A private-party seller will probably allow you to do this without much resistance. Most dealerships will let you borrow a car to take to be inspected by an outside mechanic. You’ll be paying the inspection, of course. If it is a CPO car, there’s already been an inspection and a warranty is in place, so there is little reason to take it to a mechanic.

Step 9: Negotiate a Good Deal
Does the idea of “talking numbers” fill you with dread? It shouldn’t. Negotiating doesn’t have to be a drawn-out, traumatic experience. If you are reasonable and have a plan, chances are you can make a deal pretty quickly and easily:

-Decide ahead of time how much you’re willing to spend to get the car. But don’t start with this number in your discussion.
-Make an opening offer that is lower than your maximum price, but in the ballpark based on your average price paid research in Step 3. Explain that you’ve done research on Edmunds or wherever else, so you have facts to support your offer.
-If you and the seller arrive at a price that sounds good to you and is near the average price paid, you’re probably in good shape.
-And remember, the people on the other side probably hate negotiating too (even if it’s their job).

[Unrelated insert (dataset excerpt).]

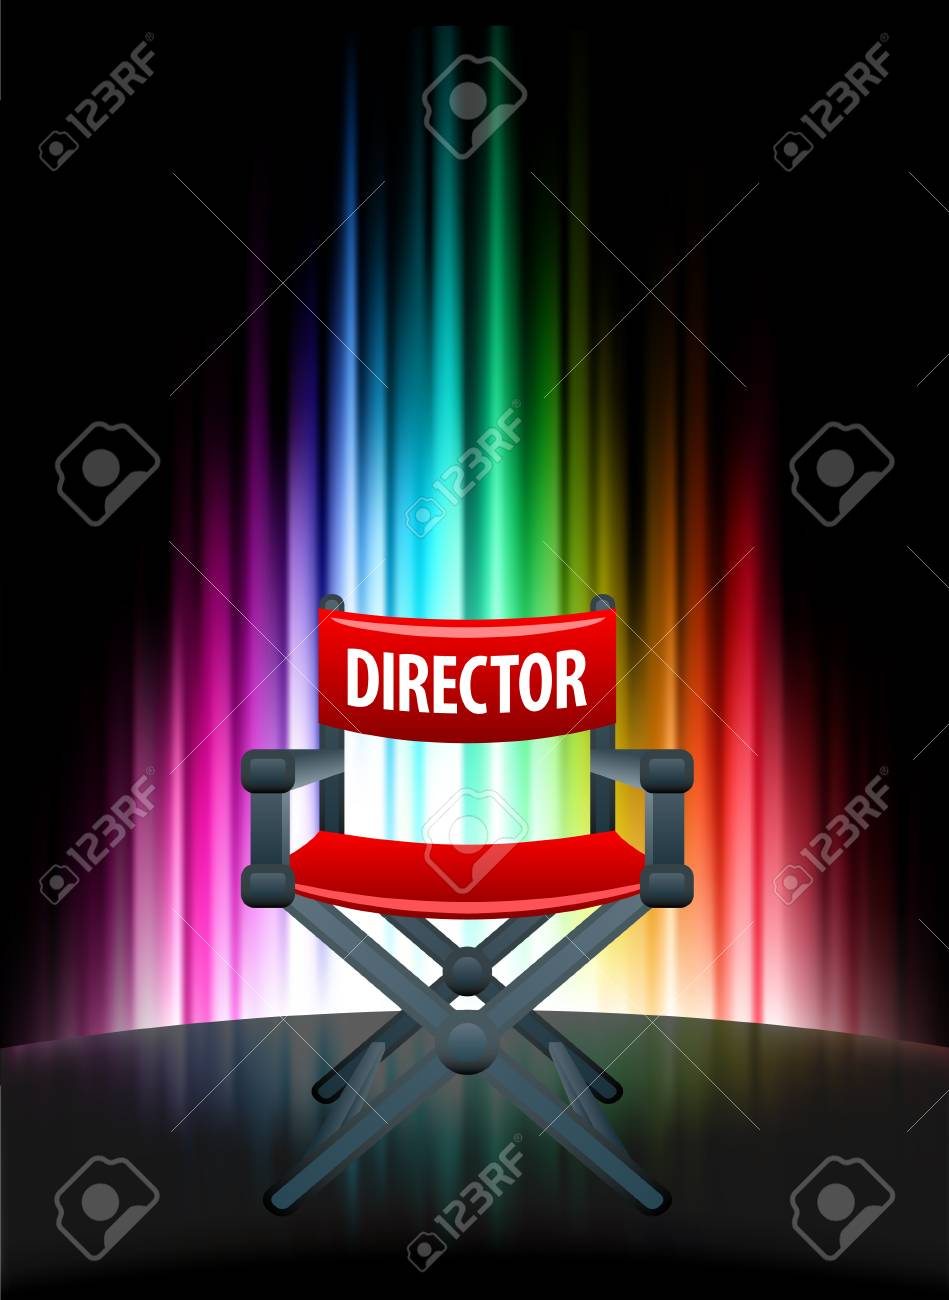 Director Chair on Abstract Spectrum BackgroundOriginal Illustration Stock Vector - 22352937

Step 10: Get the Paperwork Done
If you are at a dealership, you’ll sign the contract in the finance and insurance office. There, you will likely be offered additional items, such as a warranty, anti-theft devices, prepaid service plans or fabric protection.

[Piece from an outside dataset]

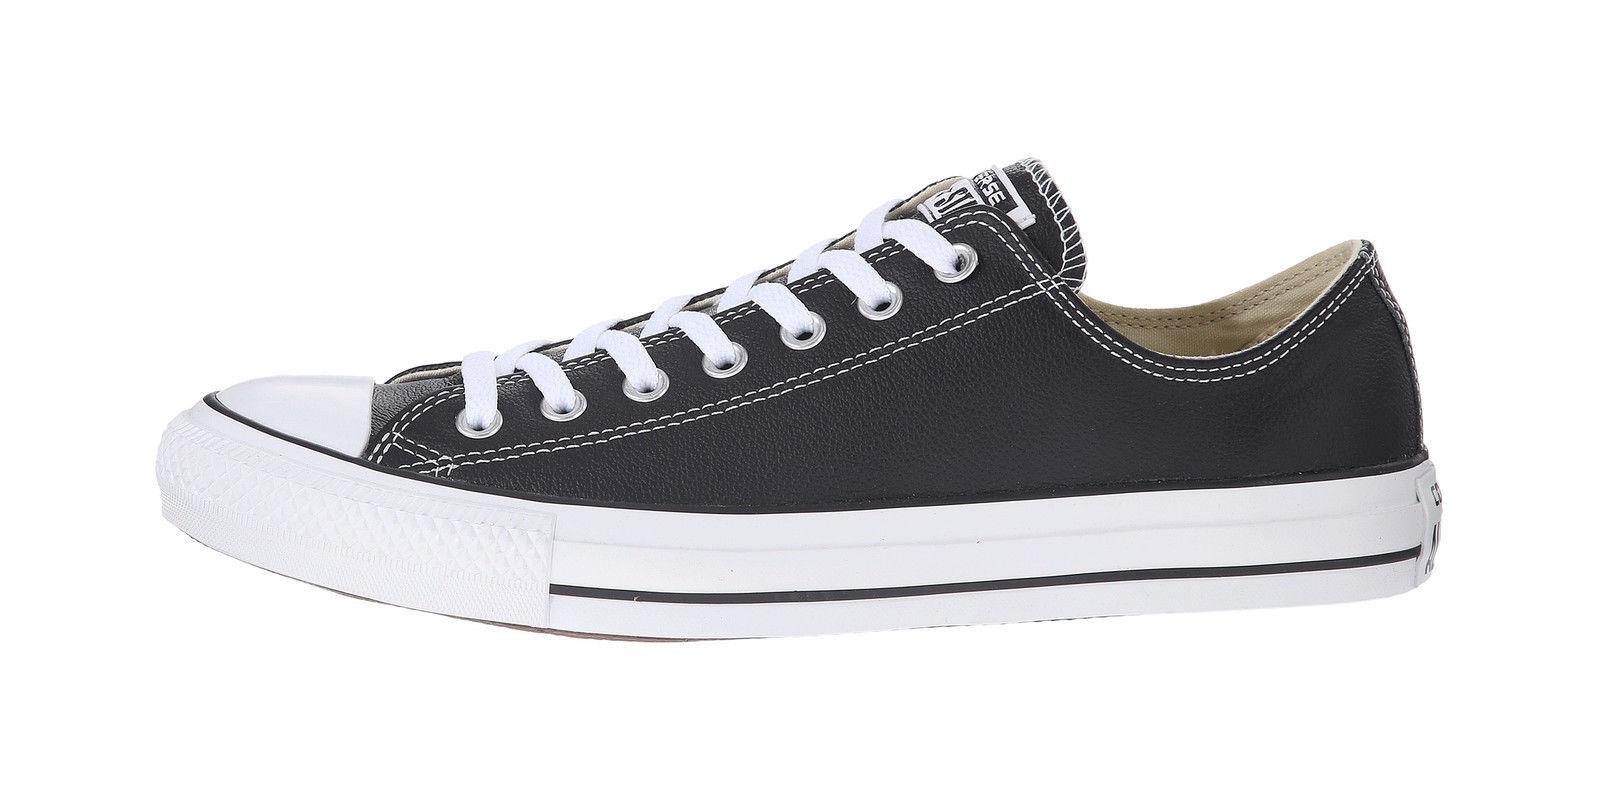 Converse Women Men Unisex All Star Lo Top Leather Shoes Black White Low Chucks

Some people want the peace of mind that comes with extended warranties, so this is something you might want to consider (unless the car is still under the manufacturer’s warranty or is a CPO vehicle). Review the dealership sales contract thoroughly. In most states, it lists the cost of the vehicle, a documentation fee, possibly a small charge for a smog certificate, sales tax and license fees.

If you are buying a car from an individual owner, make sure the seller properly transfers the title and registration to you. It’s important to close the deal correctly to avoid after-sale hassles. Before money changes hands, ask for the title (which is sometimes called the pink slip) and have the seller sign it over to you. Rules governing vehicle registration and licensing vary from state to state. If possible, check with your local department of motor vehicles to make sure there are no past-due registration fees you’d be responsible for should you buy the car. Whether you buy from a dealer or a private party, make sure you have insurance for the car before you drive it away.

Once you’ve done the paperwork, it’s time to celebrate your new purchase ? maybe with a drive-through dinner. You deserve it!